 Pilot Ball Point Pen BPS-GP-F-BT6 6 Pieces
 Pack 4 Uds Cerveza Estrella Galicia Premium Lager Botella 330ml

==

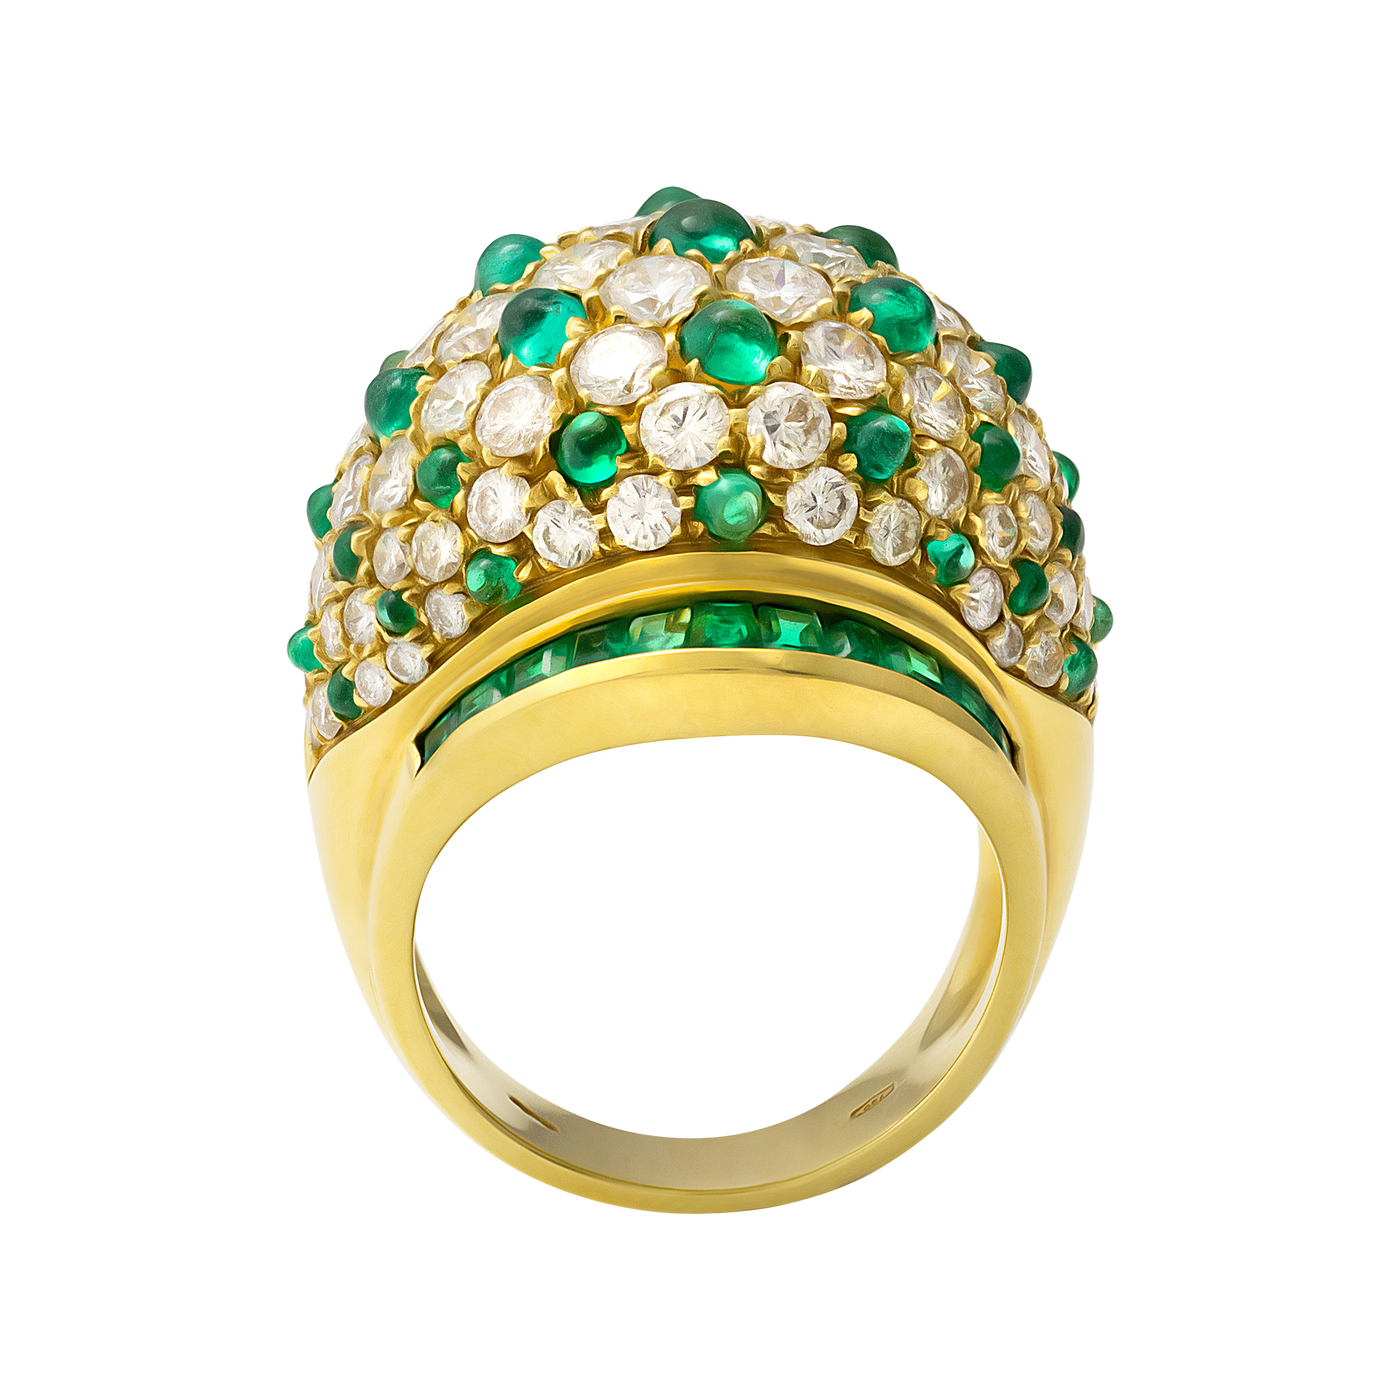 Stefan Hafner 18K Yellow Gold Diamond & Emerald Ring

Work required:
Restate word for word the lines in the material above from the one with "Pilot Ball Point Pen BPS-GP-F-BT6 6 Pieces" to the one with "Pack 4 Uds Cerveza"; both of those lines count, and nothing else does.

Your response:
 Pilot Ball Point Pen BPS-GP-F-BT6 6 Pieces
 Pack 4 Uds Cerveza Estrella Galicia Premium Lager Botella 330ml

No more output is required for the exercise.